> _Data excerpt_

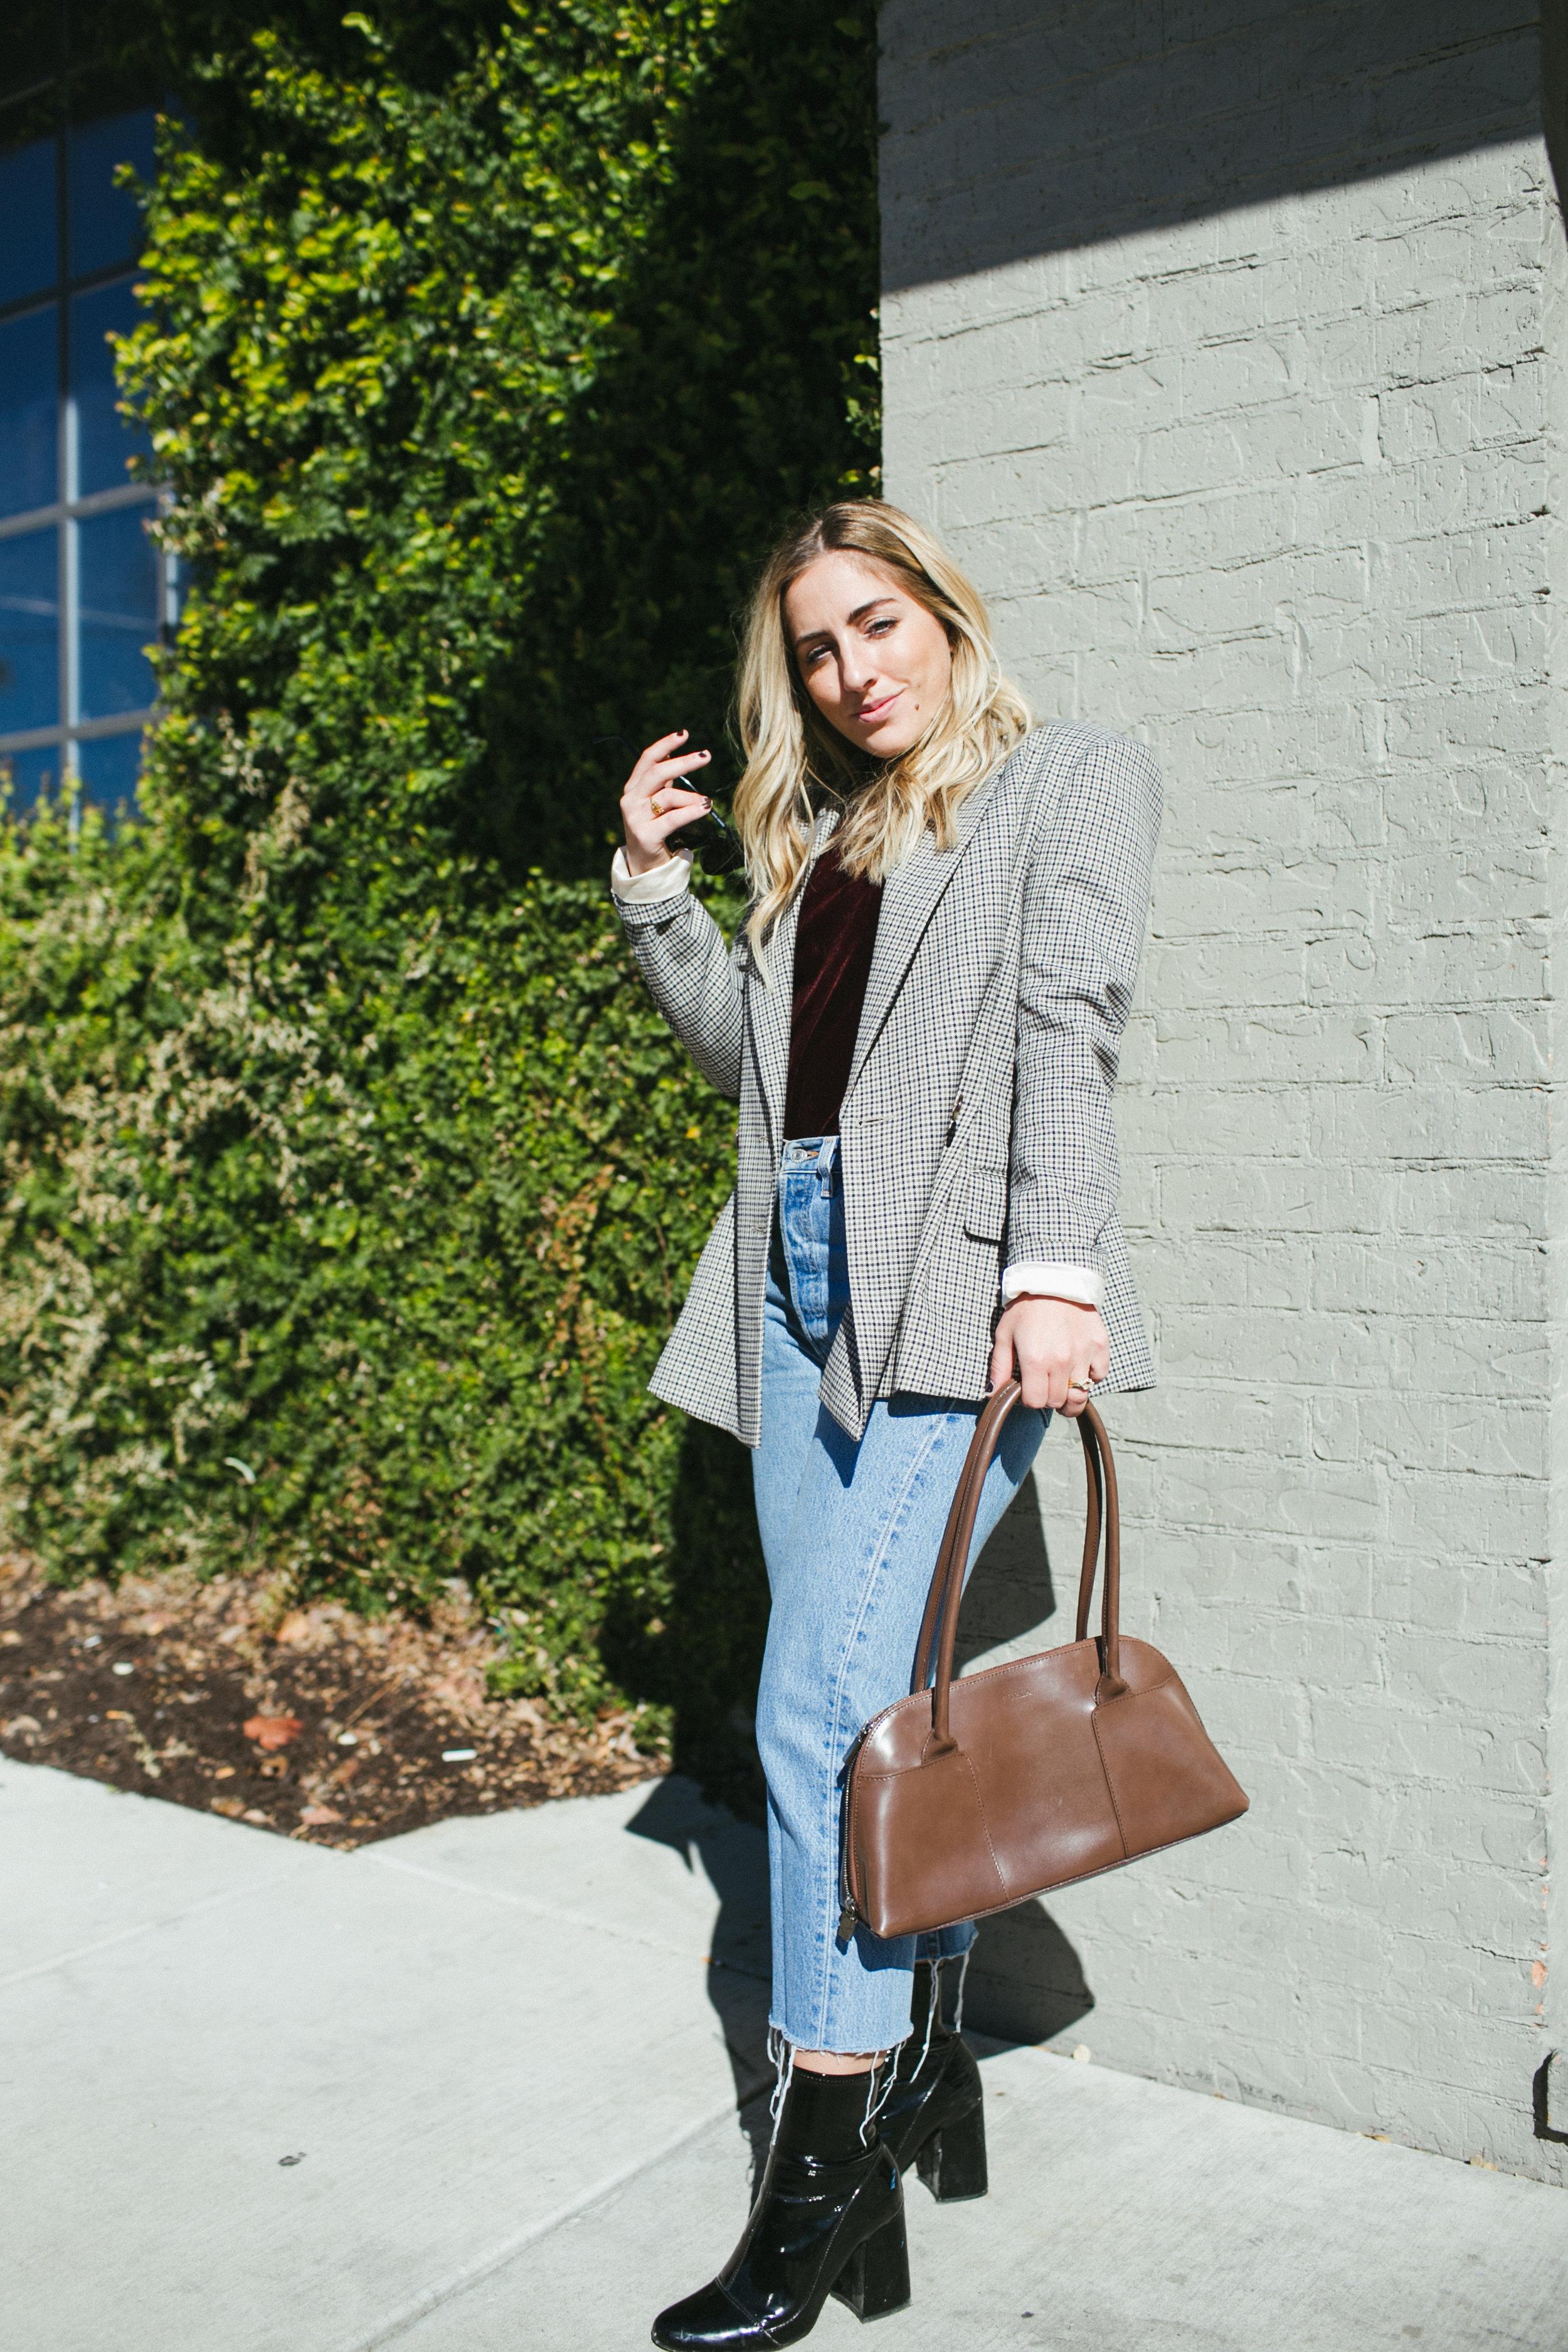 Paige-Newton-Lifestyle-Fashion-Blogger-Influencer-Photography-003.jpg
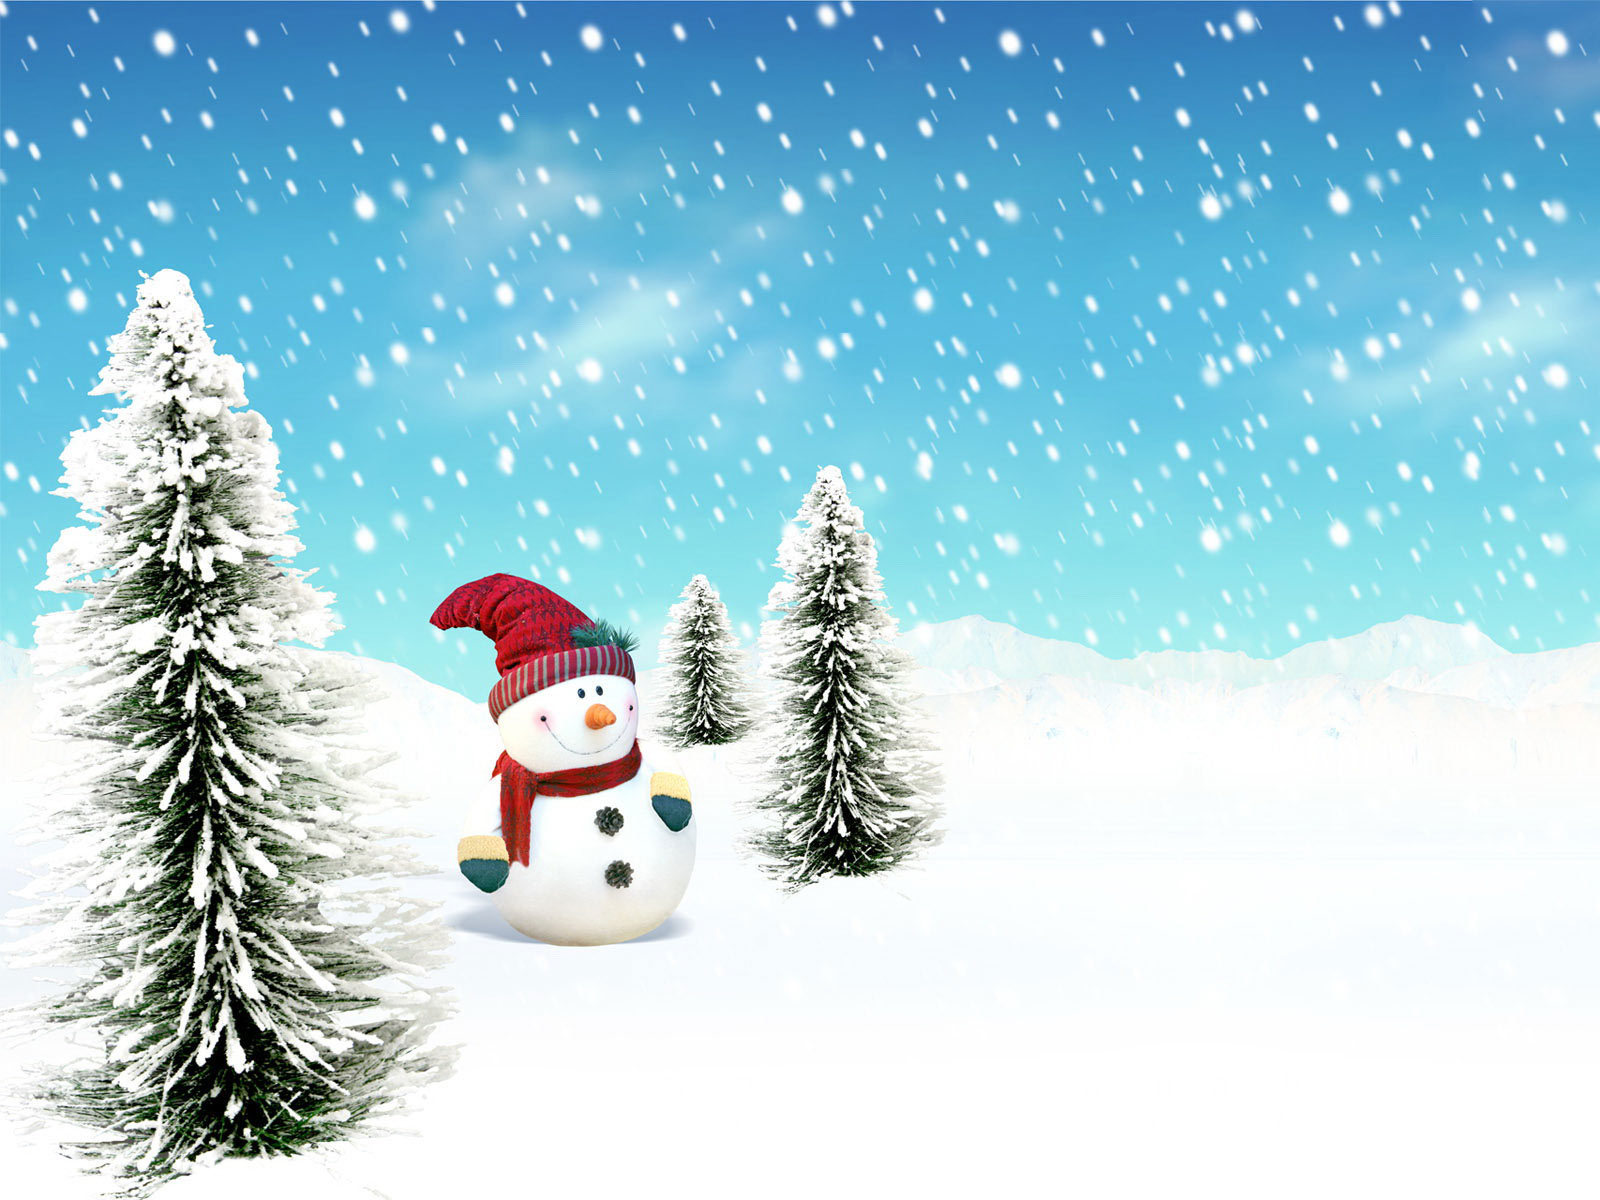 Snowman   Winter Photo 13347588 1600x1200
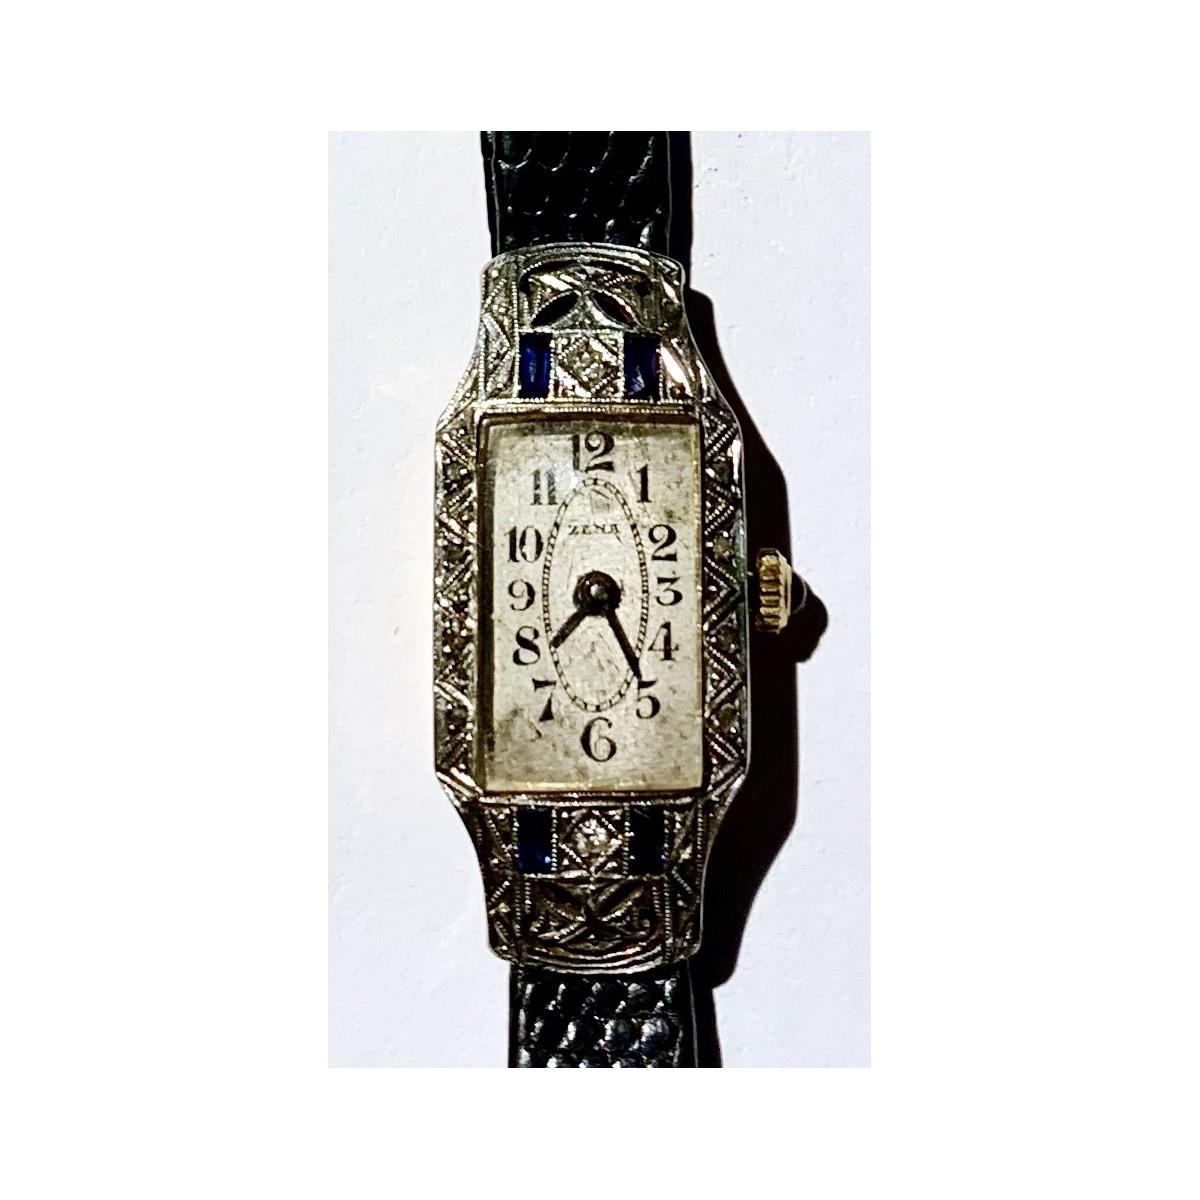 Titus women's watch, Geneve Switzerland, 18K gold

> _Goal of the exercise_
Output an exact copy of the material, with the pictures removed.

> _Problem solution_
 Paige-Newton-Lifestyle-Fashion-Blogger-Influencer-Photography-003.jpg
 Snowman   Winter Photo 13347588 1600x1200
 Titus women's watch, Geneve Switzerland, 18K gold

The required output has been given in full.